- YOUR ASSIGNMENT: Give again, exactly as written, each line of the material below starting at the line that contains "Tabletop view of" and ending at the line that contains "Light Grey Suit". Both ends count, and no other line does.

- DATA IN THIS EXERCISE:
□ □ □ □

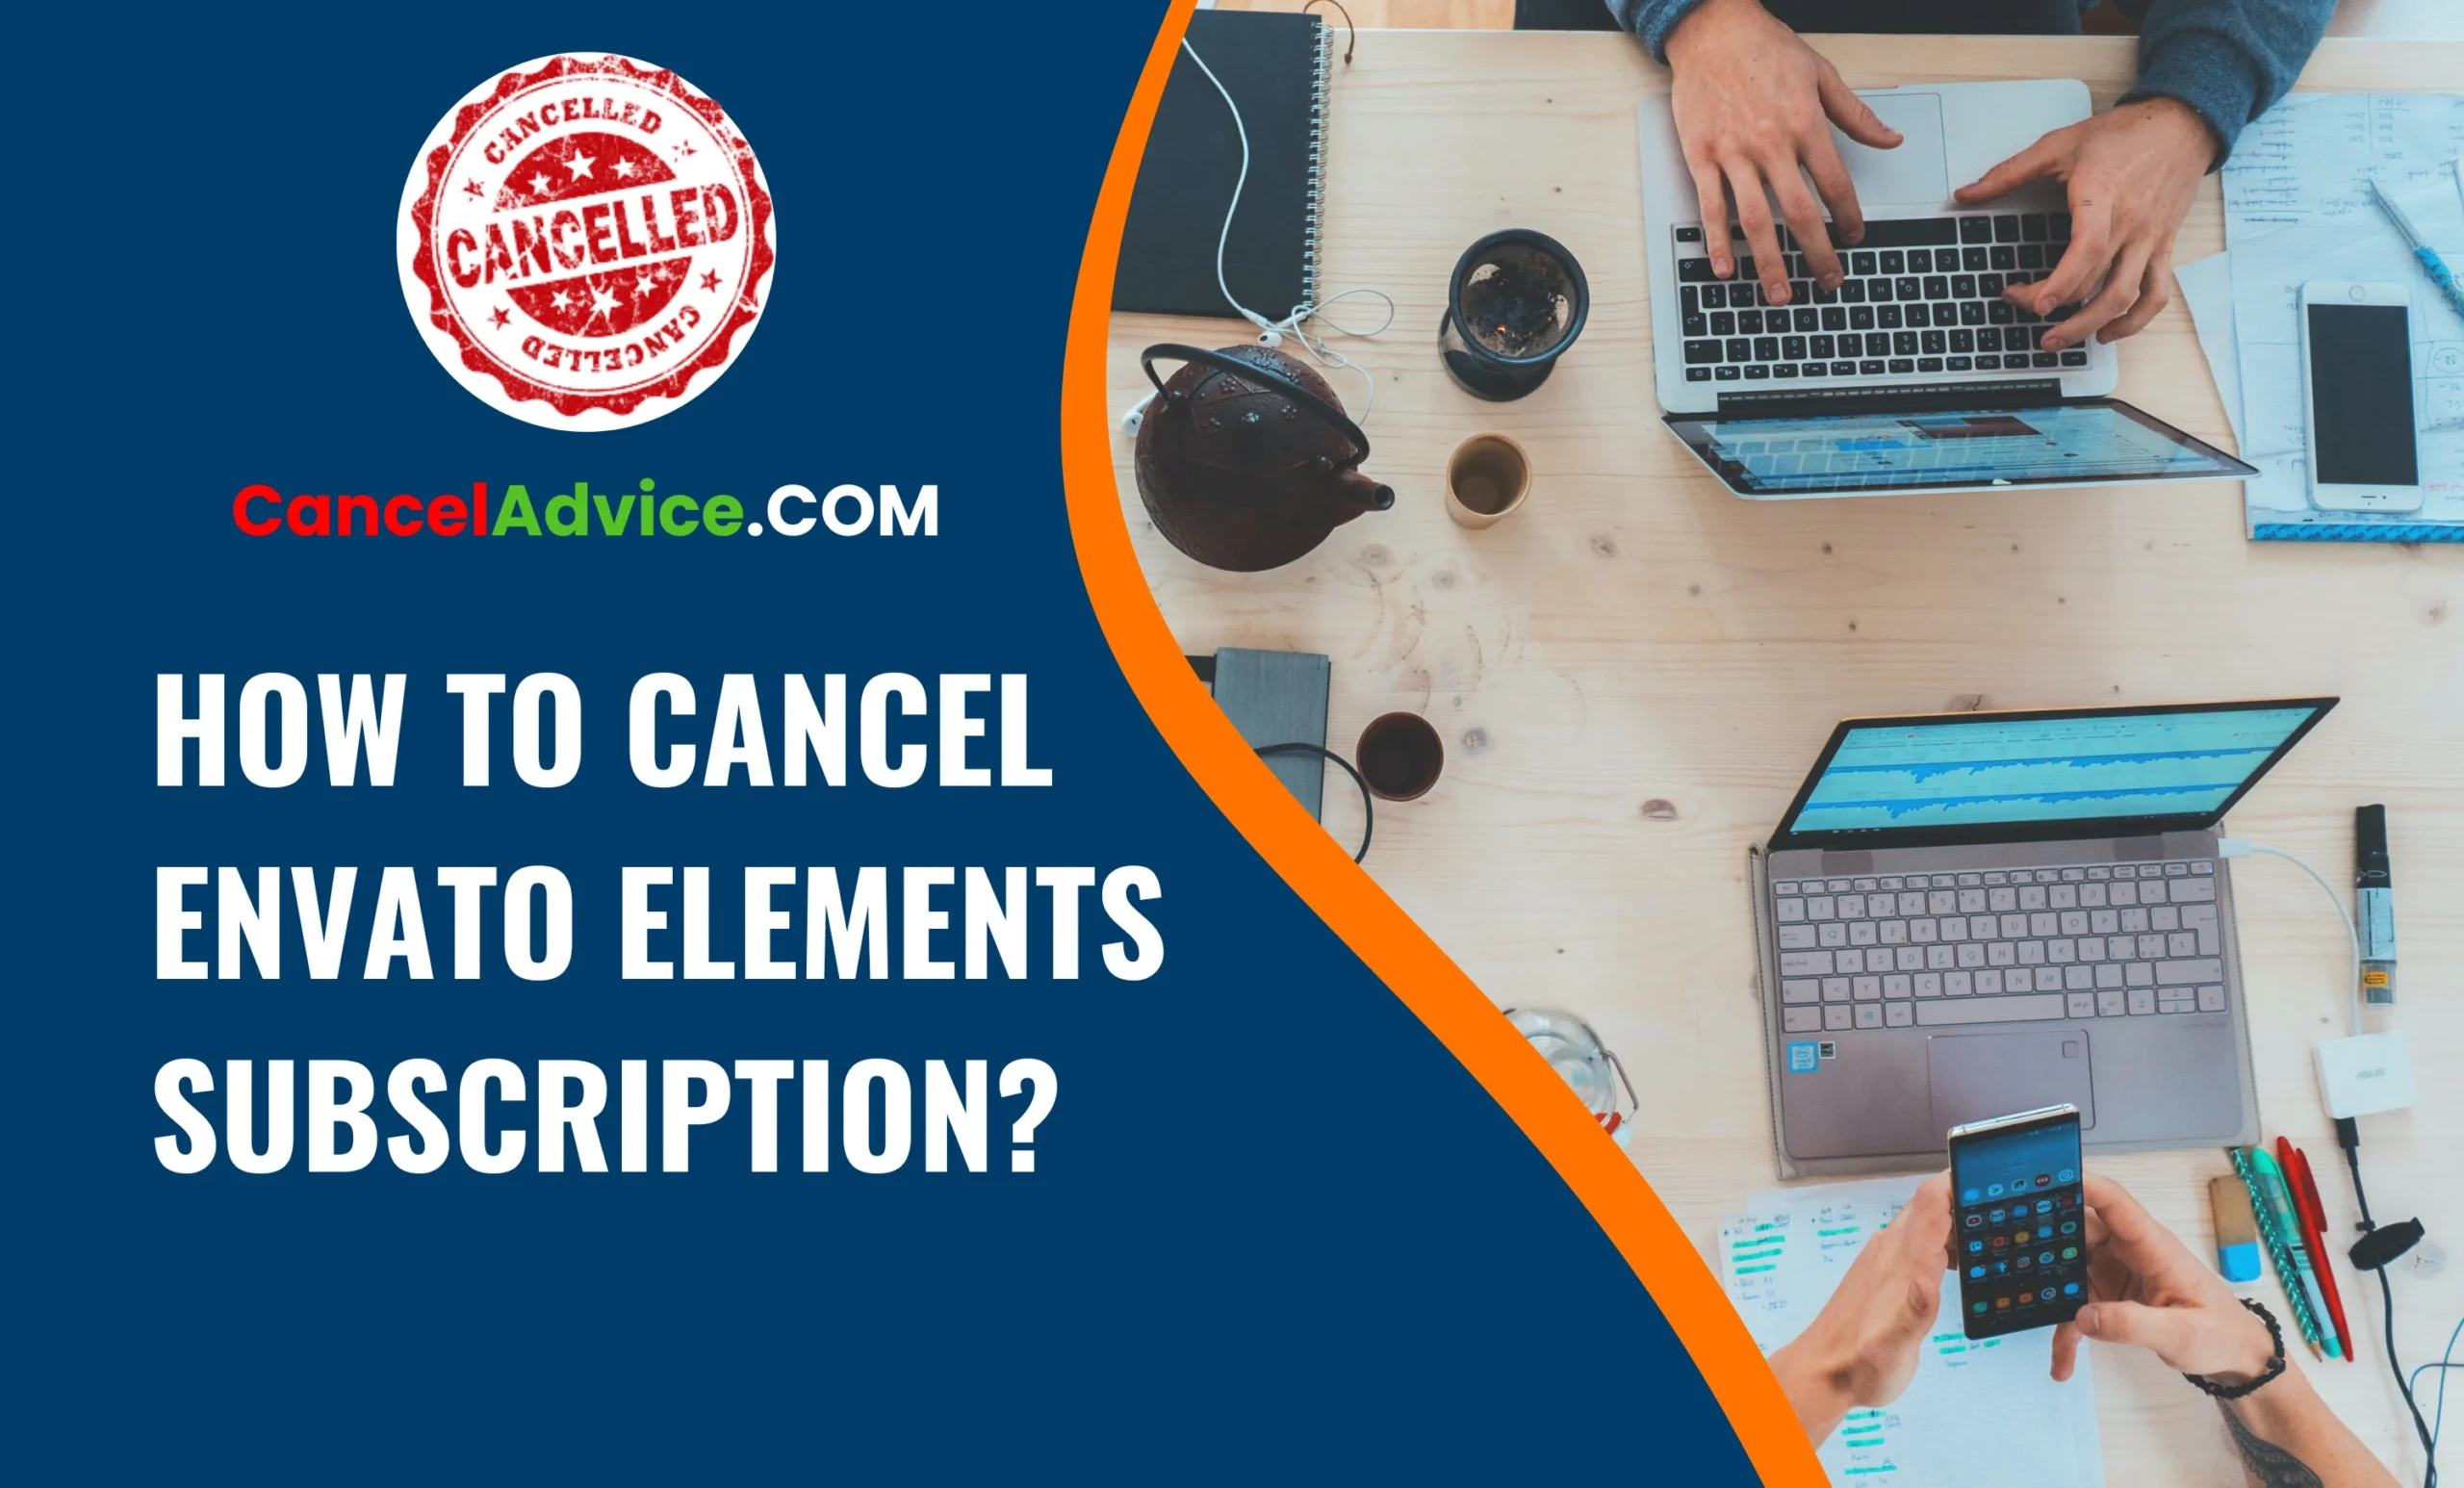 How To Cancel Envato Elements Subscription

□ □ □ □

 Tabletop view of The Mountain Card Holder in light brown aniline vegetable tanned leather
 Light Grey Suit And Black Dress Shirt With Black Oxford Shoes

□ □ □ □

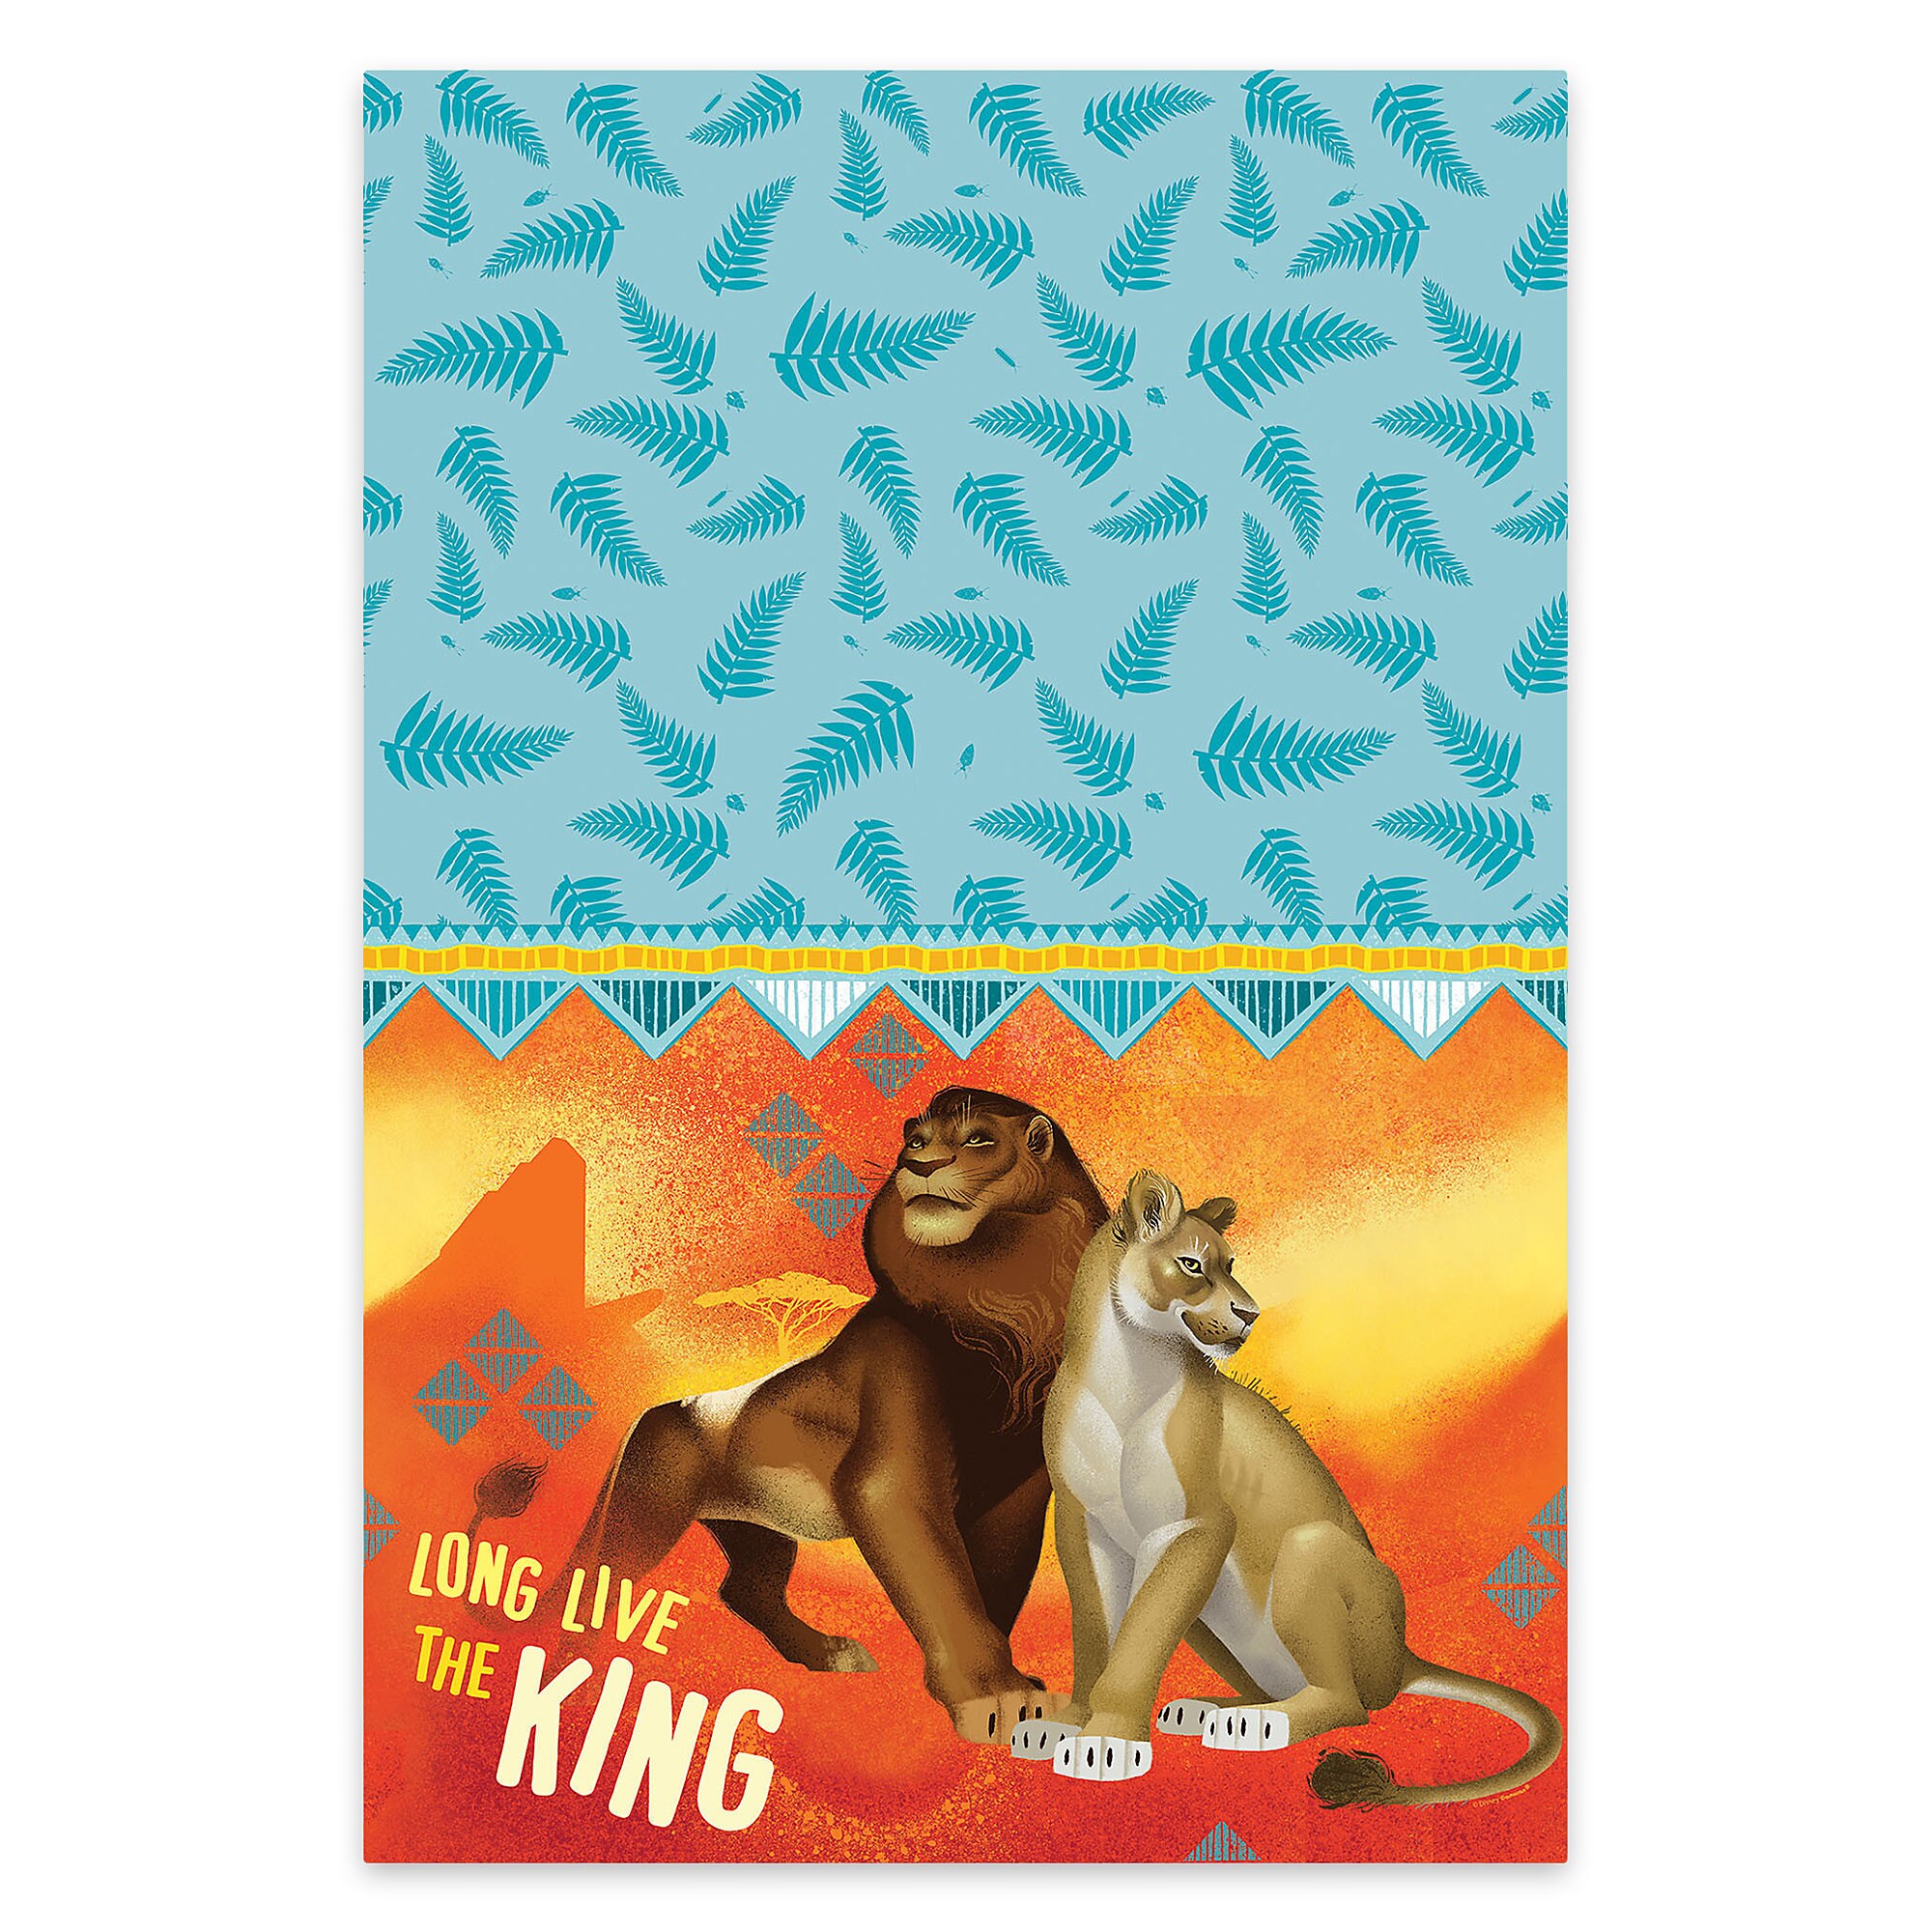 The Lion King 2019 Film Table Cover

□ □ □ □

- RESULT FOR THIS EXERCISE:
 Tabletop view of The Mountain Card Holder in light brown aniline vegetable tanned leather
 Light Grey Suit And Black Dress Shirt With Black Oxford Shoes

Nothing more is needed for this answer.